The Extremists in control of the Republican Party are at war with the moderates of their own party, and the moderates have
started to notice:
The next squeeze, for the moderates, will be the explosive question of whether Republican leaders should change Senate rules to bar Democrats from using the filibuster, a two-century-old parliamentary tactic, to block the judicial nominees. Dr. Frist is advocating the change, and a confrontation is widely expected next week.
. . . Mr. Specter is in a particularly tight spot. He is trying to remain neutral, but as Judiciary Committee chairman is expected to advocate for the nominees. John Breaux, a centrist Democrat who was in the Senate until last year, said defying party leaders could be especially risky for a committee chairman. "They can put an awful lot of pressure on you," he said of the leaders. "They say, 'Look, you're a chairman because your party is in control, and you've got to be with the party.' So when you break with them, you have to be fast on foot to explain it."

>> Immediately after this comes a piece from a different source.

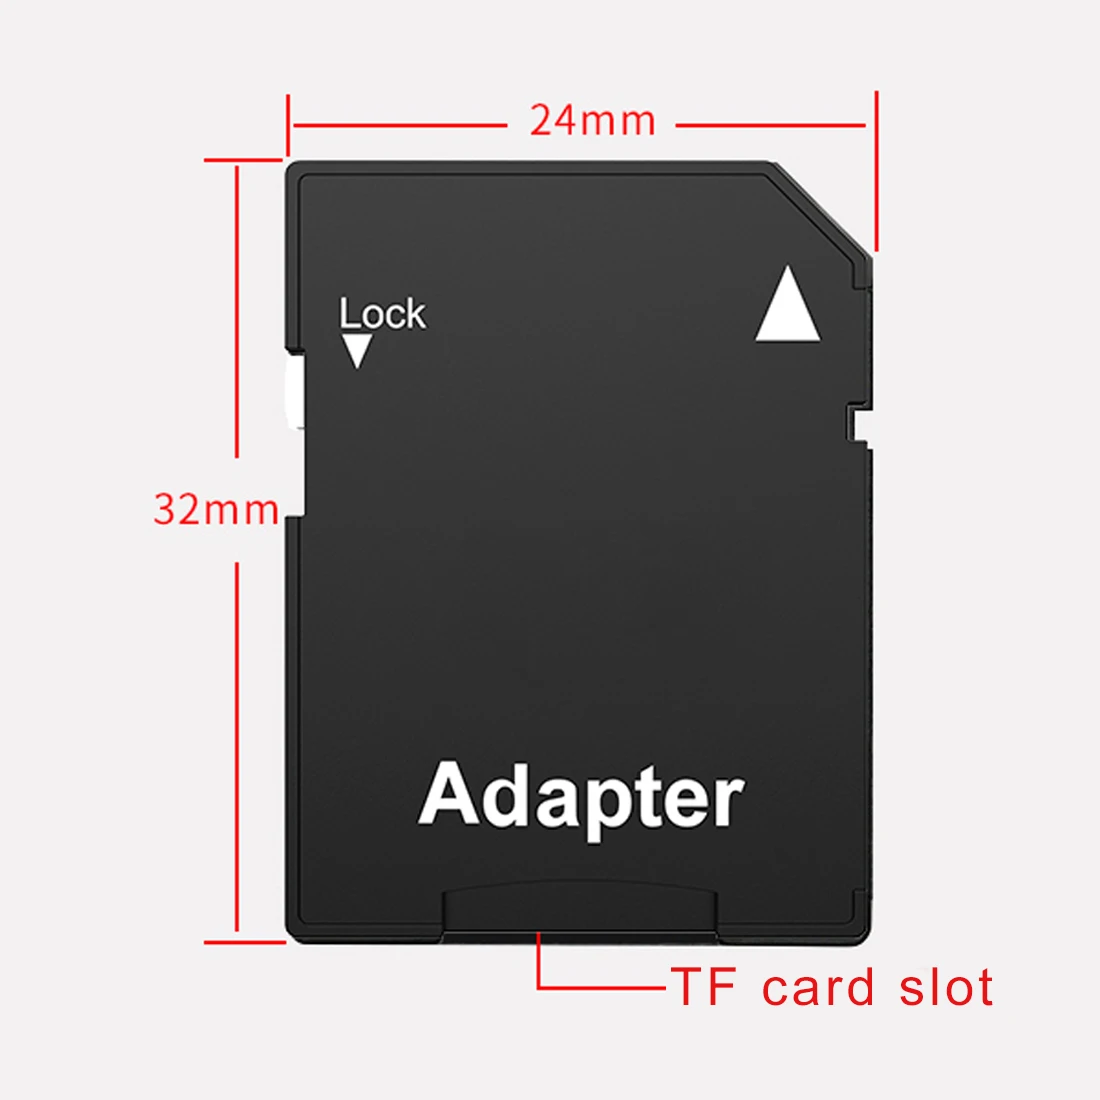 Etmakit 2 шт. Лидер продаж Популярные Флэшка MicroSD TF для SD SDHC карты памяти адаптер преобразовать в SD

Ms. Collins, chairwoman of the domestic security committee, is also taking that risk. Along with Ms. Snowe, she has expressed reservations about the rules change, as well as the Social Security plan. Last week, the two returned to Maine to find themselves the targets of an advertising campaign on the judicial nominees, a campaign that had the endorsement of Dr. Frist.

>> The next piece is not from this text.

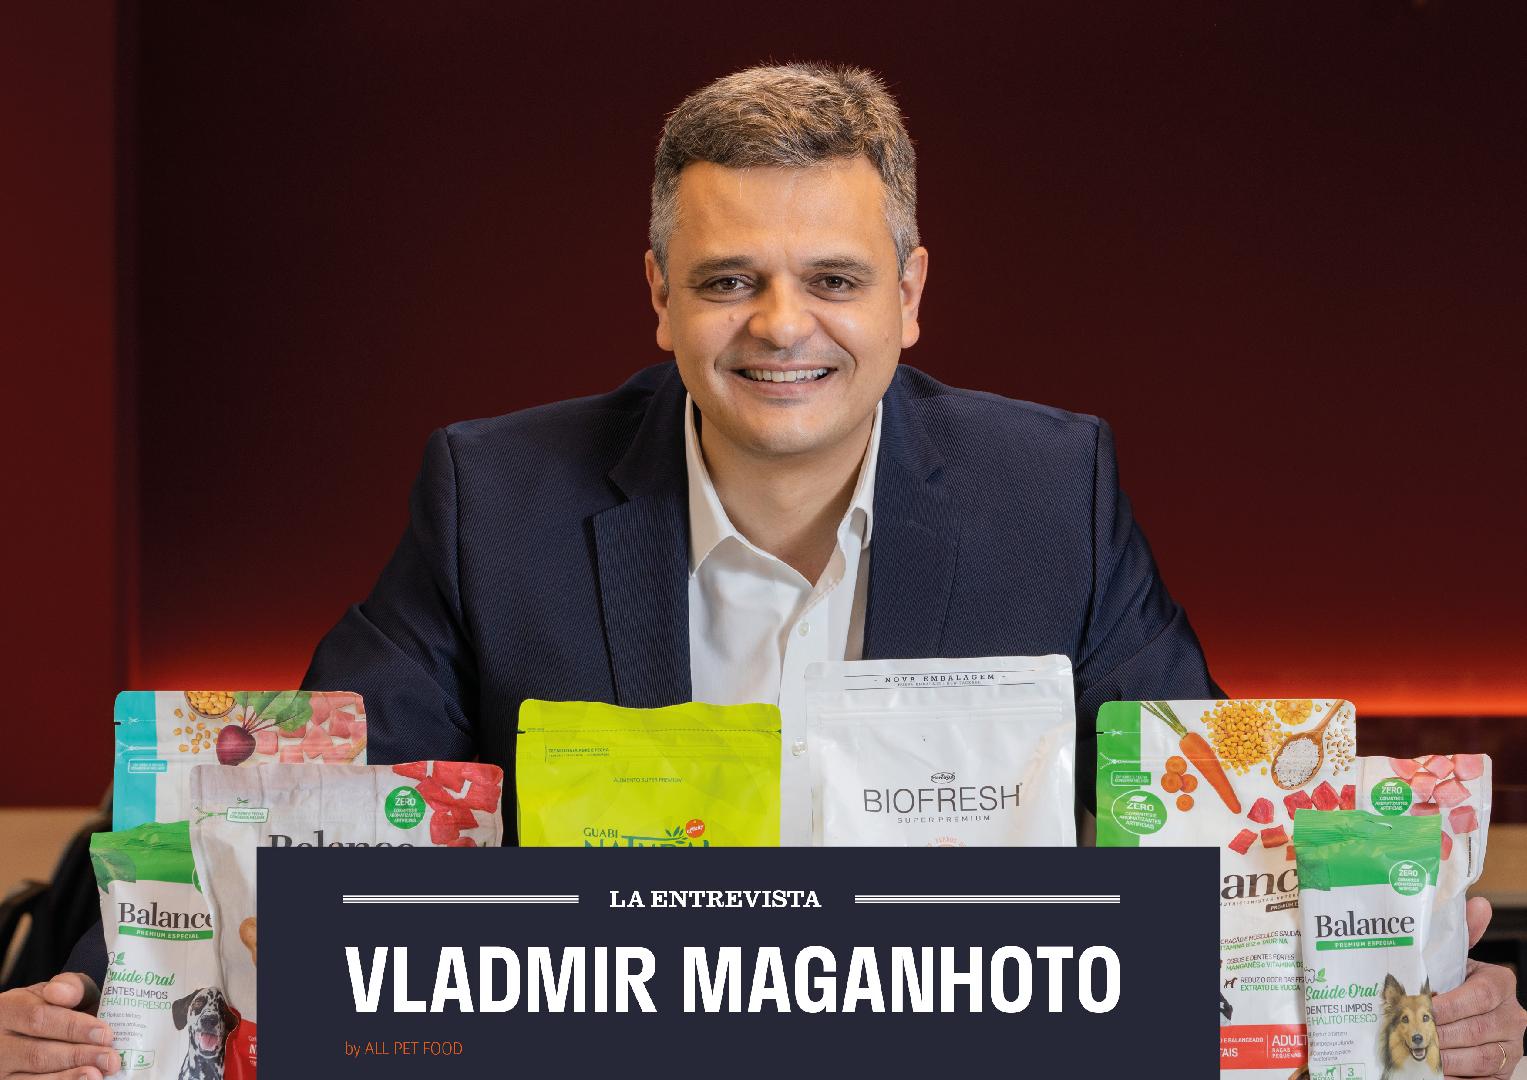 The Interview - Vladmir Maganhoto

Can you believe that the Senate Majority Leader has approved running ads against Senators from his OWN Party? It is the Dobsons and Robertsons who run the Republican Party. The most extreme elements in the Republican Party call the shots now. But the moderates now realize it:
By this week, Ms. Collins seemed a bit worn down by that debate. "
It seems like it's issue after issue this year," she said, adding that she often envies "those senators for whom everything is black and white."
Ms. Snowe, meanwhile, had a message for fellow Republicans: "Frankly," she said, "the election of the president drew from Americans who describe themselves as moderates, which is about 45 percent of Americans today. That's something we overlook at our own peril."
With due respect to Sens. Snowe and Collins, you overlook at your own peril that the head of the Republican Party is now the Reverend James Dobson of Colorado Spring, Colorado.